Frankly, not a really good set of parameters for making responsible predictions.
But anyway, let's figure out what fraction of a given dataset fits into the above mentioned standards.



In [None]:
import pandas as pd

In [None]:
df_water = pd.read_csv('../input/water-potability/water_potability.csv')

df_water.describe()

In [None]:
# Minimum containment levels
dict_cl_min = {
    'ph'              : 6.5,
    'Hardness'        : 151,
    'Solids'          : 0,
    'Chloramines'     : 0,
    'Sulfate'         : 0,
    'Conductivity'    : 0,
    'Organic_carbon'  : 0,
    'Trihalomethanes' : 0,
    'Turbidity'       : 0
}

# Maximum containment levels
dict_cl_max = {
    'ph'              : 8.5,
    'Hardness'        : 300,
    'Solids'          : 1200,
    'Chloramines'     : 4,
    'Sulfate'         : 250,
    'Conductivity'    : 400,
    'Organic_carbon'  : 10,
    'Trihalomethanes' : 80,
    'Turbidity'       : 5
}

# Primary water quality parameters
set_cl_primary = {'Chloramines', 'Conductivity', 'Organic_carbon', 'Trihalomethanes', 'Turbidity'}

# Secondary water quality parameters
set_cl_secondary = {'ph', 'Hardness', 'Solids', 'Sulfate'}

In [None]:
# Storage of boolean value for each dataset value whether it fits the water quality standard or not
df_cl_filter_applied_by_col = pd.DataFrame()

# Apply water quality standards filter for minimum values
for col, min_val in dict_cl_min.items():
    df_cl_filter_applied_by_col[col] = df_water[col] >= min_val

# Apply water quality standards filter for maximum values
for col, max_val in dict_cl_max.items():
    df_cl_filter_applied_by_col[col] = df_cl_filter_applied_by_col[col] & (df_water[col] <= max_val)
    # How many values in dataset's column passed or didn't pass the water quality standard
    print(df_cl_filter_applied_by_col[col].value_counts())

# Top 5 rows to see the results of applying the filters
df_cl_filter_applied_by_col.head()

In [None]:
# Applying all water quality standards filters to water dataset
df_cl_filter_applied_all = df_cl_filter_applied_by_col.all(axis = 1)

print('all filters result:', df_cl_filter_applied_all.value_counts(False), sep = '\r\n')

# Applying only primary water quality standards filters to water dataset
df_cl_filter_applied_primary = df_cl_filter_applied_by_col[set_cl_primary].all(axis = 1)

print('primary filters result:', df_cl_filter_applied_primary.value_counts(False), sep = '\r\n')

# Applying only secondary water quality standards filters to water dataset
df_cl_filter_applied_secondary = df_cl_filter_applied_by_col[set_cl_secondary].all(axis = 1)

print('secondary filters result:', df_cl_filter_applied_secondary.value_counts(False), sep = '\r\n')

# Only 4 samples passed the primary filters
print(df_water[df_cl_filter_applied_primary])

None of the samples passed secondary and all water quality standards filters.

Only 4 samples passed the primary filters. 2 ot them were marked as non-potable.
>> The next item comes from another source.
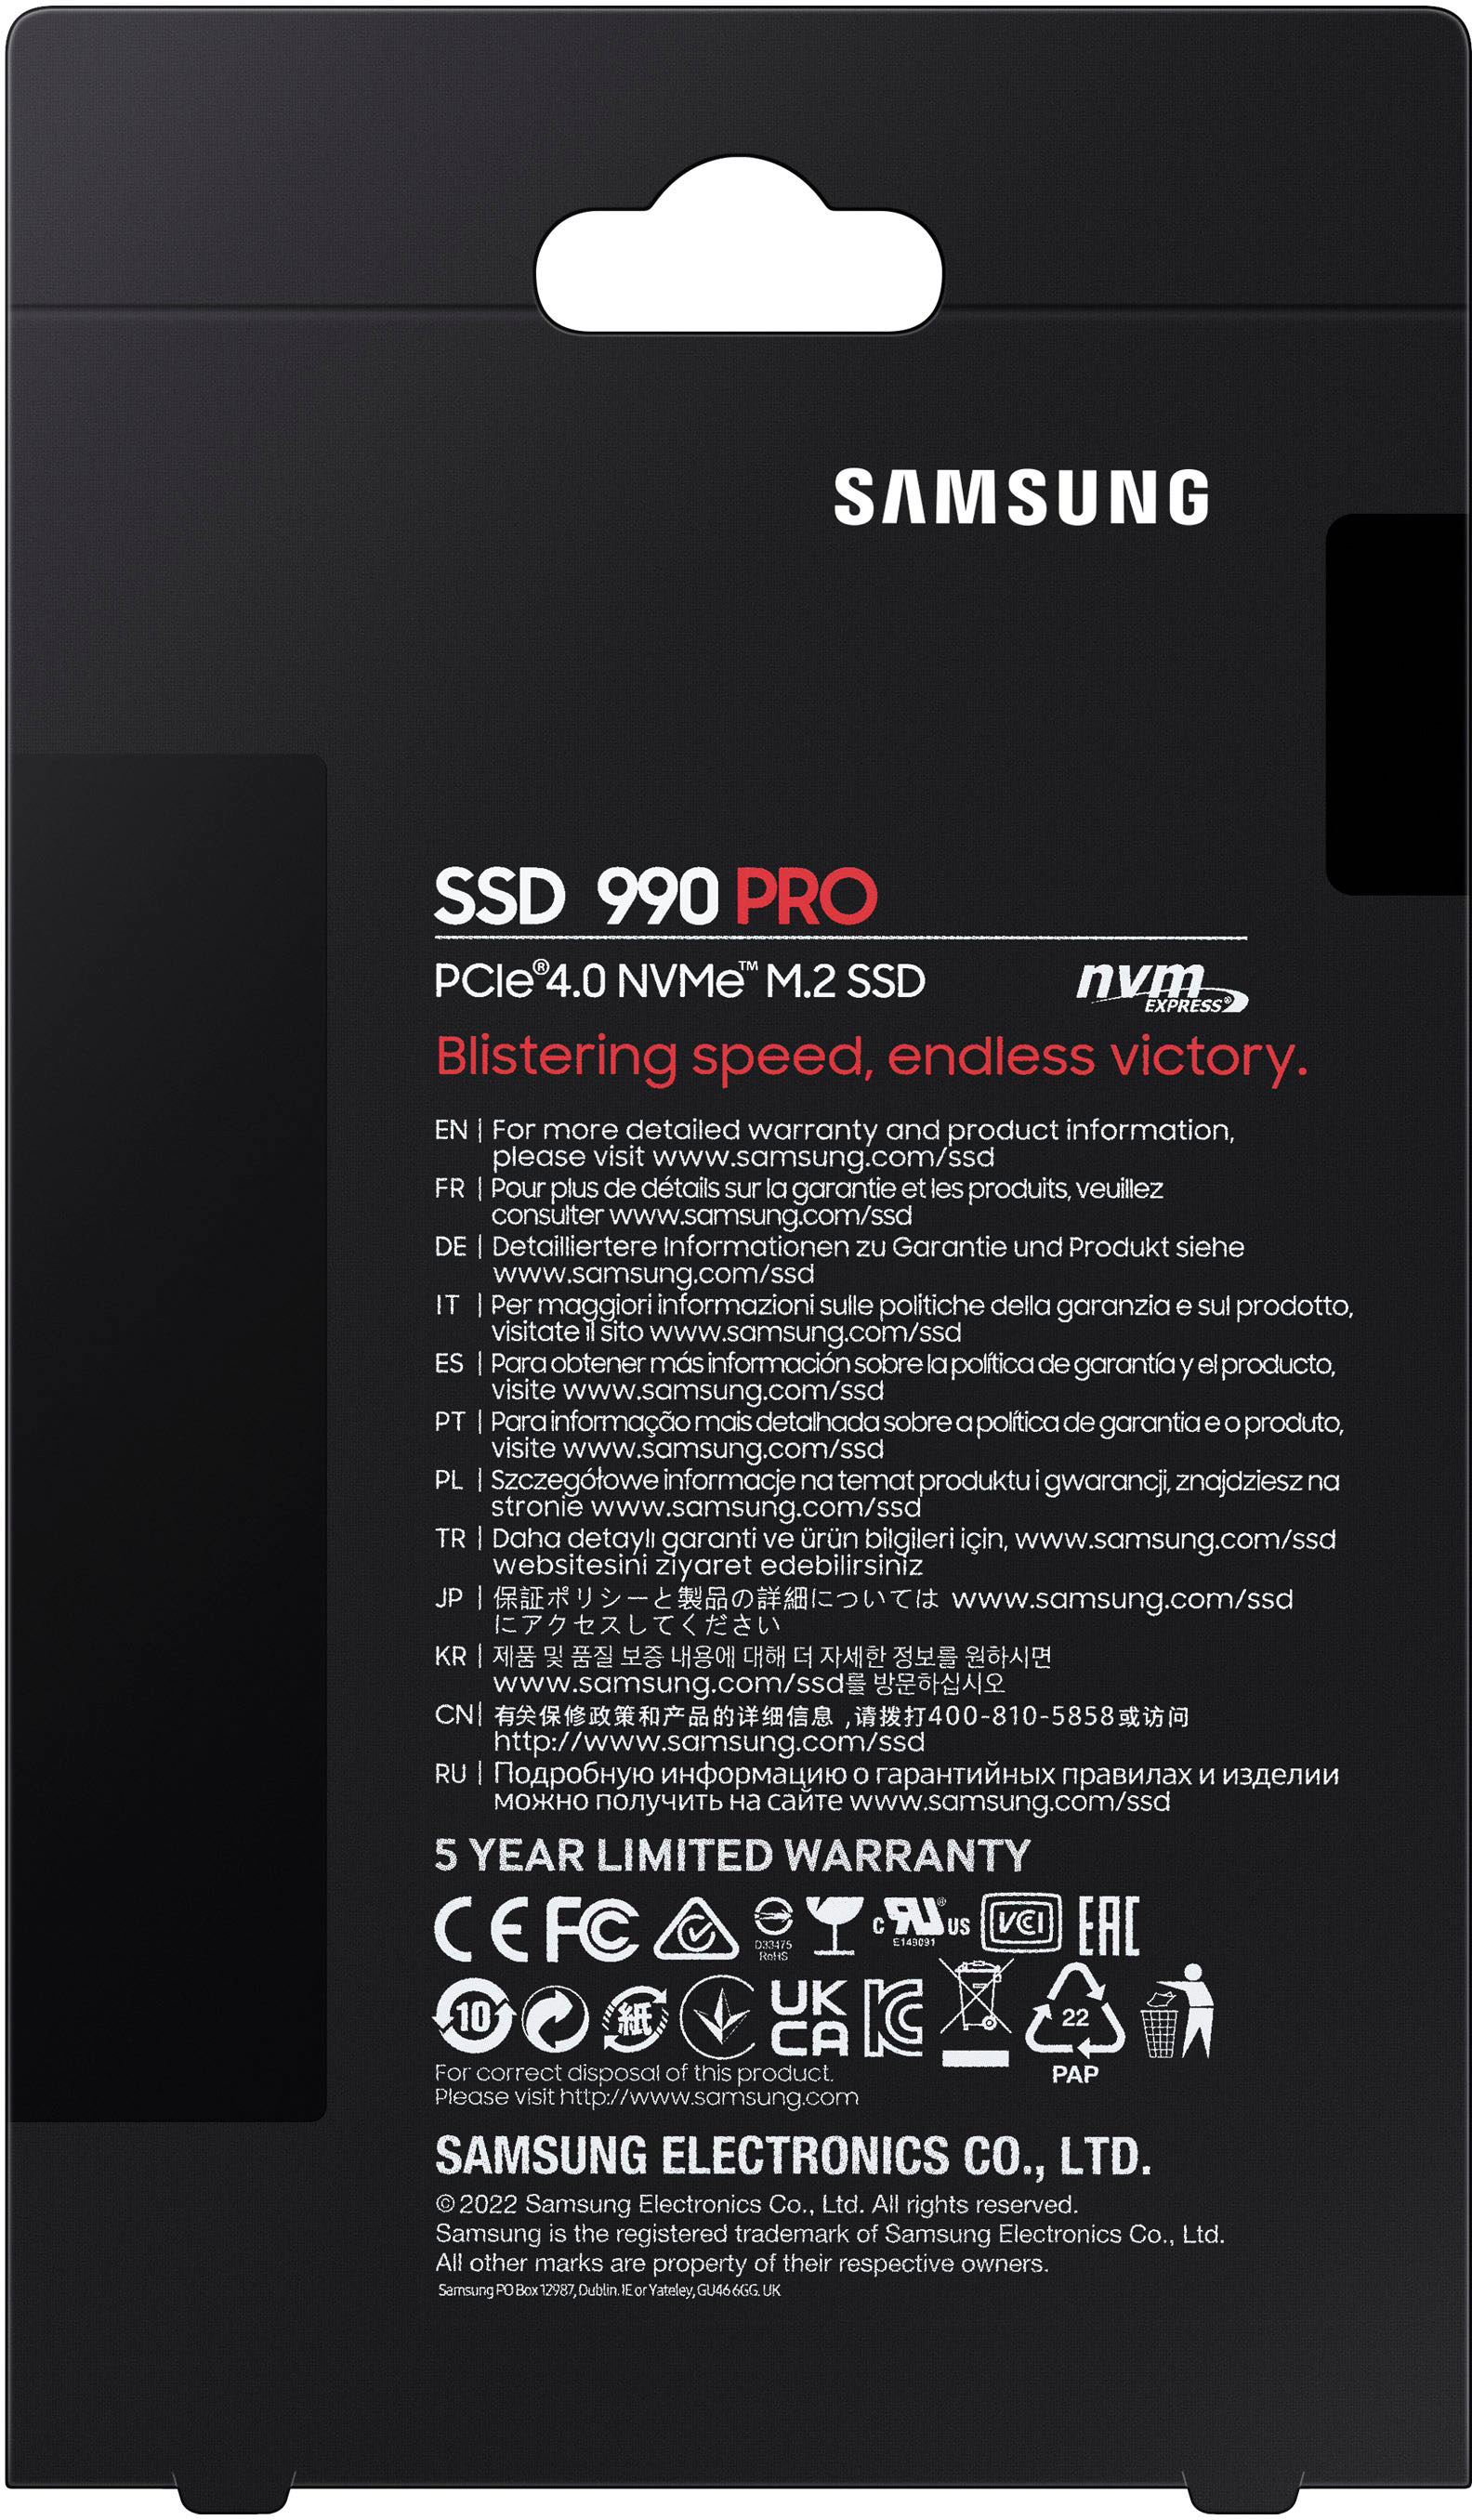 Samsung MZ-V9P4T0BW  Samsung 990 PRO M.2 4 To PCI Express 4.0 V-NAND MLC  NVMe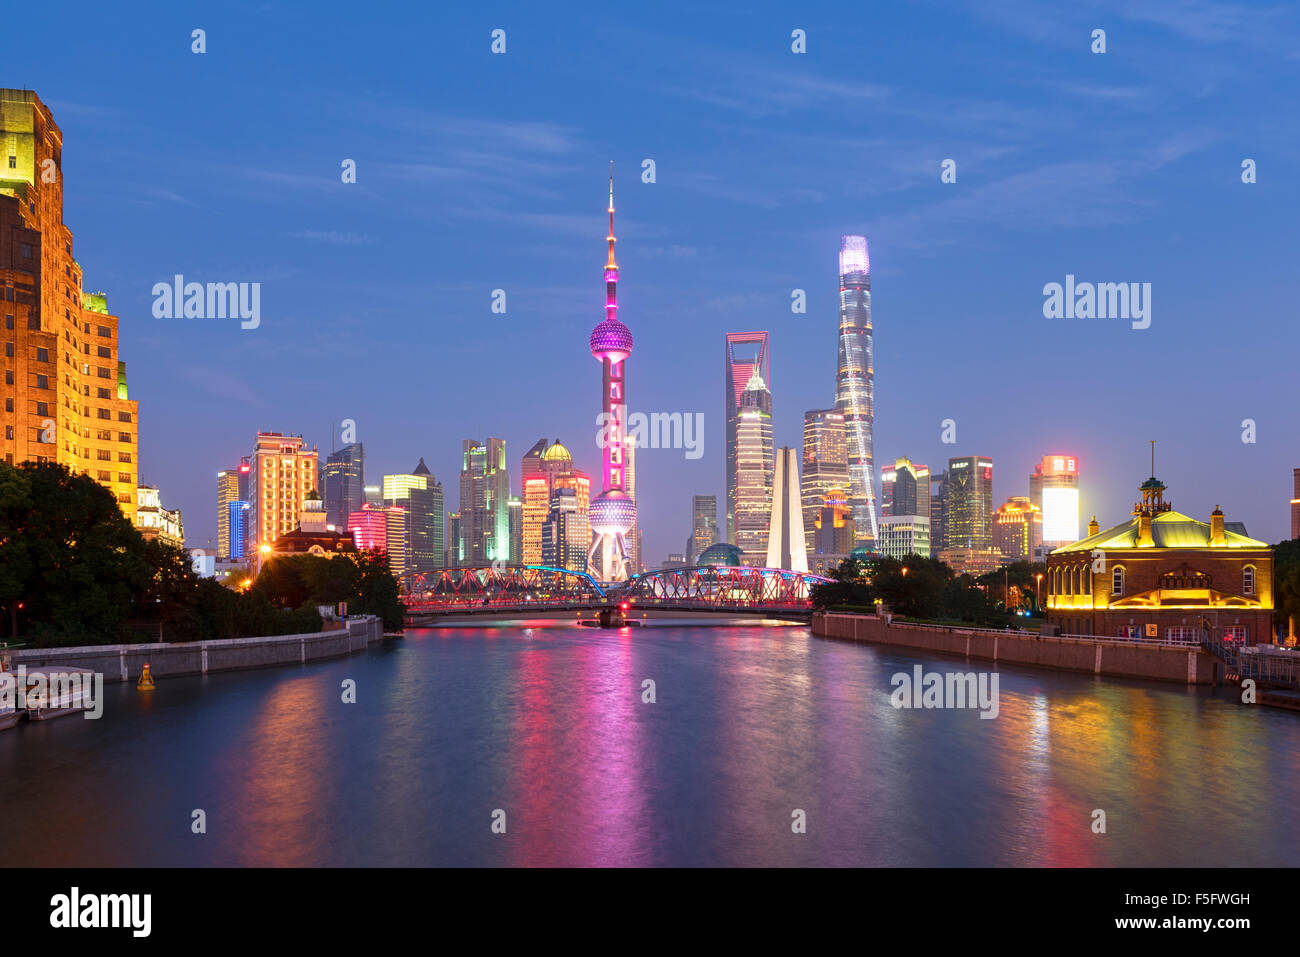 Shanghai, China - Oct 2, 2015:Shanghai skyline with Oriental Pearl Tower, Shanghai World Financial Centre,Jin Mao Tower and Sha Stock Photo

Perhaps due to other primary parameters not listed in our dataset.
I see no reason to make any valuable and applicable predictions after the dataset quality check.

Eager to apply modern advancements in data handling techniques it's never a bad idea to make a reality check for consistency or to see a meaning behind the dataset being worked on.

In my opinion, if it were somewhere close but the truth was not out there© in the given water potability dataset.